I wonder if a physics simulator would have predicted this outcome, and if in fact they have such a simulator for testing both the hardware and software together.
It wasn't a matter of them not knowing what would happen if the satellite was stressed, it was a case of bad data that kept reporting that the satellite was spinning. The software then tried to correct the spin, which resulted in an actual spin, in the opposite direction, that kept accelerating since it was under the impression that the corrections weren't working.
I'd love to see a full post-mortem. It smells like something was very off in either the hardware design or software configuration, but not knowing their architecture, it's very hard to say with any certainty what could have been improved. A couple of questions I have:
- other systems I know of that care deeply about their attitude have multiple redundant sensors in place to "vote" on a consensus output in case one or more of them fails. Was that the case in this hardware design? If not, why not? If yes, how did the collective answer end up a constant error?
- did they have other sensors (such as a strain gauge) that could have been integrated into the model to spot-check this kind of failure mode? A rule like "If the satellite 'feels' like it's tearing itself apart, stop accelerating" could perhaps have been useful (on the other hand, it'd leave the craft vulnerable to other known failure modes, such as "thruster stuck in the on position and must be countered by another thruster to keep the craft stable," which almost killed one of the U.S. manned missions).
Something as simple as software to prevent extended firings of a thruster for any reason would have worked. In a LEO satellite it's constantly being exposed to night/day cycles and isn't in danger of draining the batteries in safe mode, no matter what orientation it is. LEO satellites have low-bandwidth TT&C (tracking telemetry and control) omnidirectional antennas and radio systems in the L and S bands that don't particularly care about the orientation of the satellite. Code as simple as "if thruster tries to fire for greater than period of time, call exception, place satellite in safe mode" would have worked. Using ground based TT&C systems it's possible to manually reorient a satellite in safe mode, or query what its star tracker sees.

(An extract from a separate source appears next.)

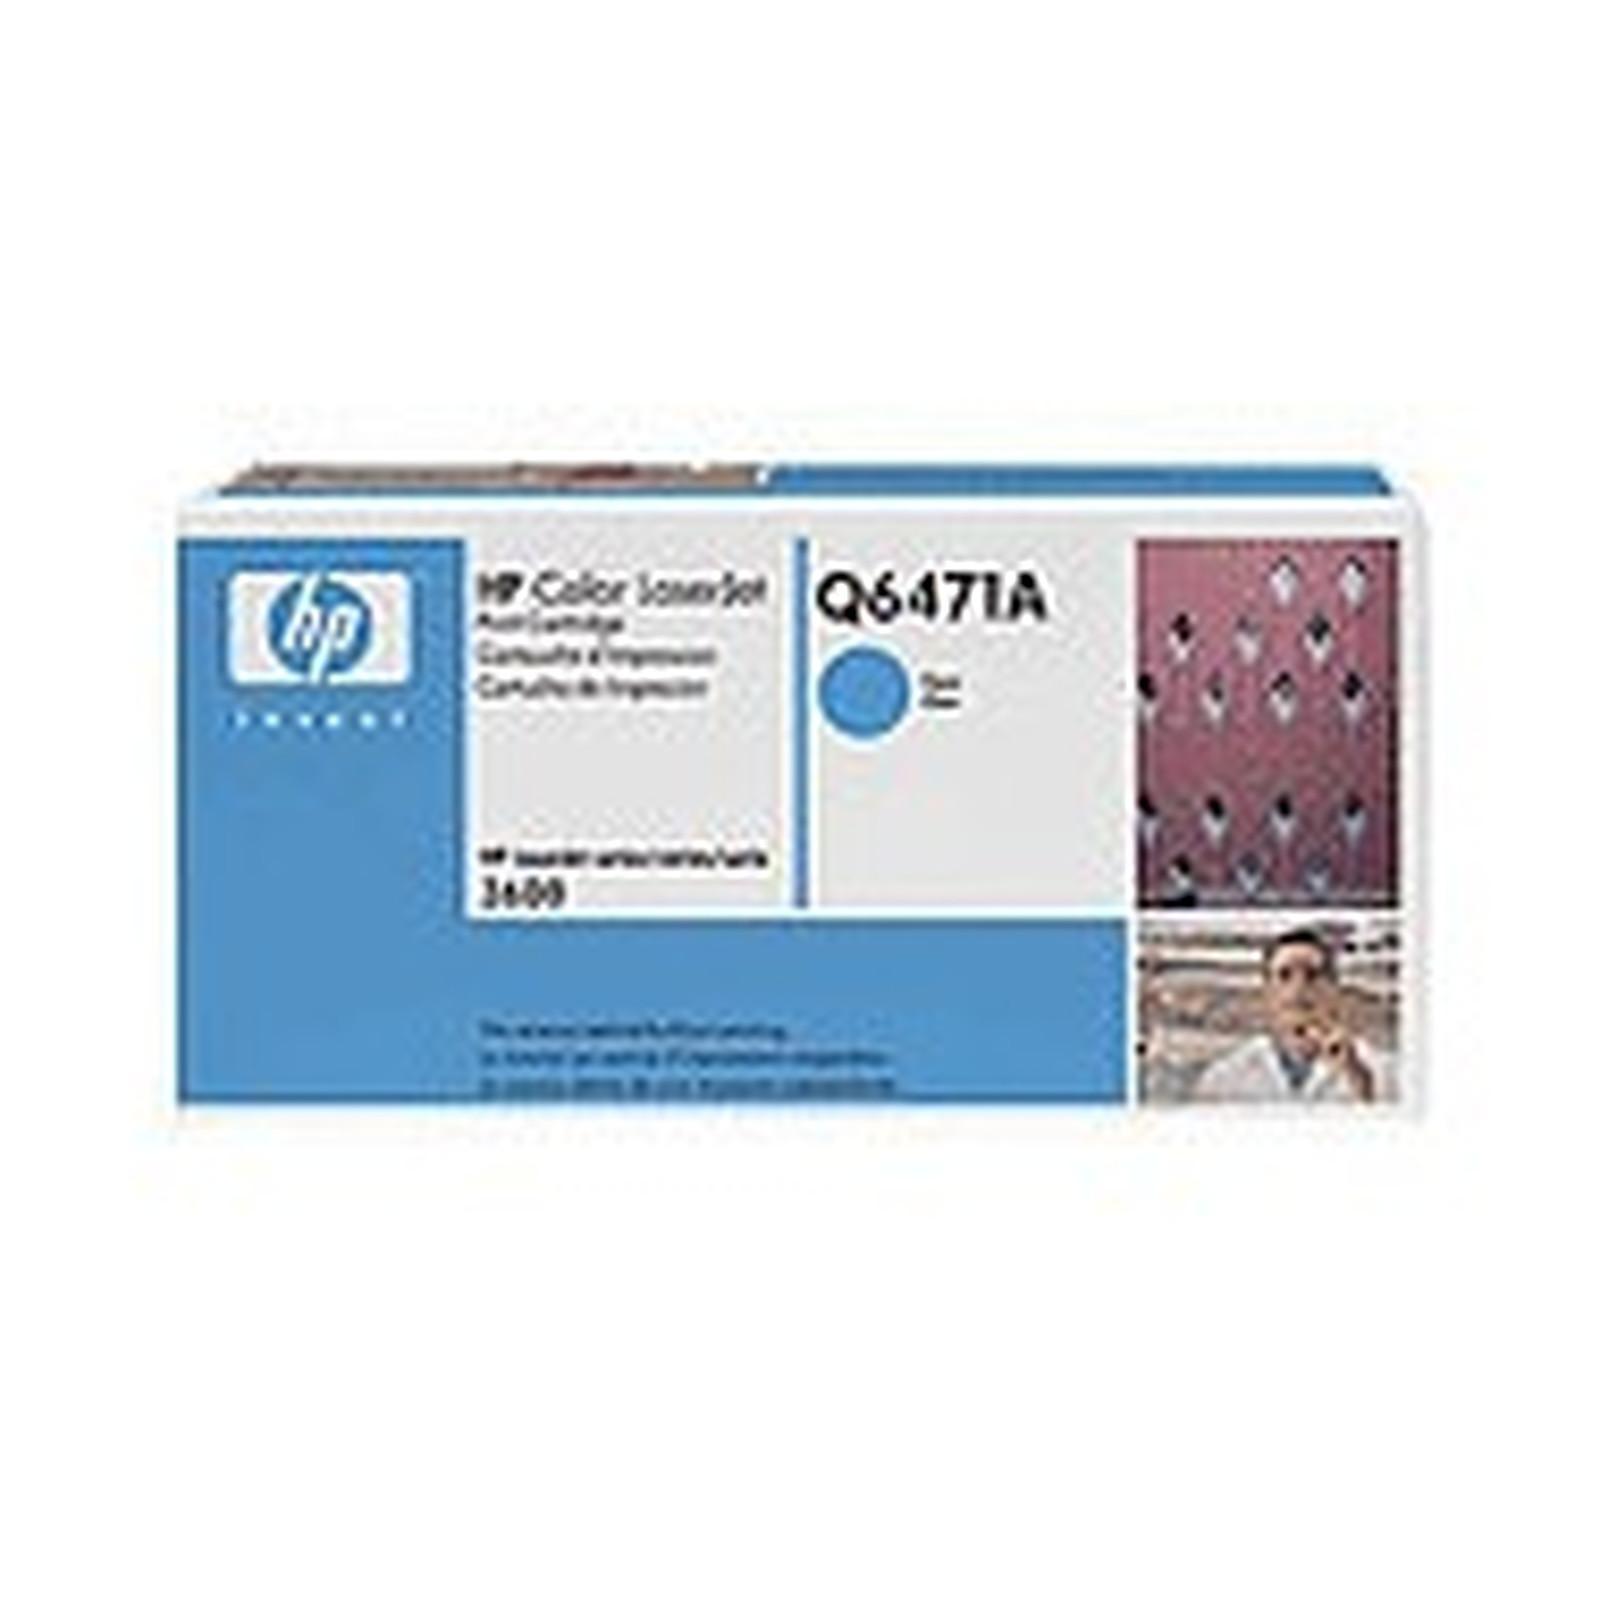 HP Q6471A
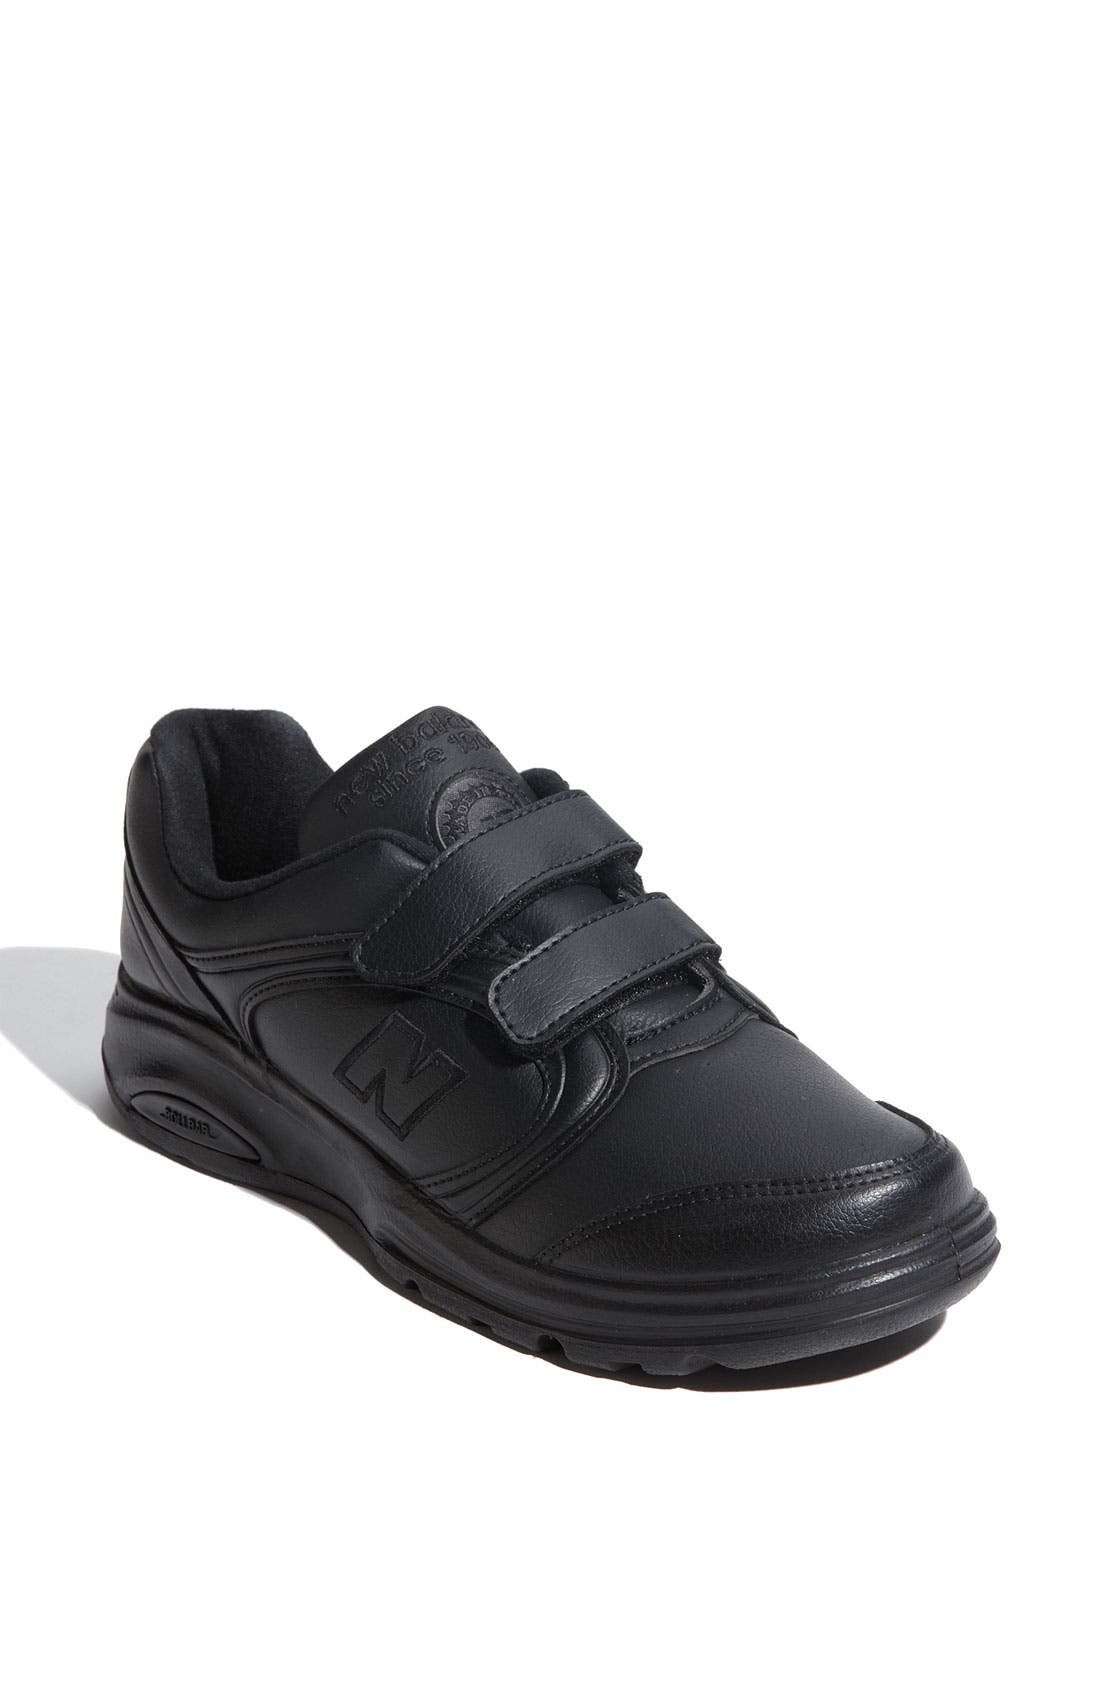 Main Image - New Balance '812' Walking Shoe (Women)

So was it a faulty sensor then, not bad software? It's not really clear.
> but its data apparently was wrong, reporting a rotation rate of 20 degrees per hour, which was not occurring. The satellite attempted to stop this erroneous rotation using reaction wheels. The satellite configuration information uploaded earlier was wrong and the reaction wheels made the spin worse.
So both the data and configuration were both wrong, or is this one in the same?
It depends on what you call a "physics simulator". I don't know what they do at JAXA, but I would guess that they have at least some kind of simulator. But on thing which is difficult to avoid is to feed your simulator configuration with the same value as your satellite.
From what I understood, the failure (the final one, in safe mode, which is not the initial error but the one which killed the satellite) seems to be an error in thrust parameters. Somewhere in the software satellite, you evaluate your rotation speed. In safe mode, you probably want to nullify this speed. Let's say that you have measured 1 deg/s around the X axis. The controller will say "give me a torque of - 10 Nms around X (10 is a made up values, and I don't take the inertia tensor into account)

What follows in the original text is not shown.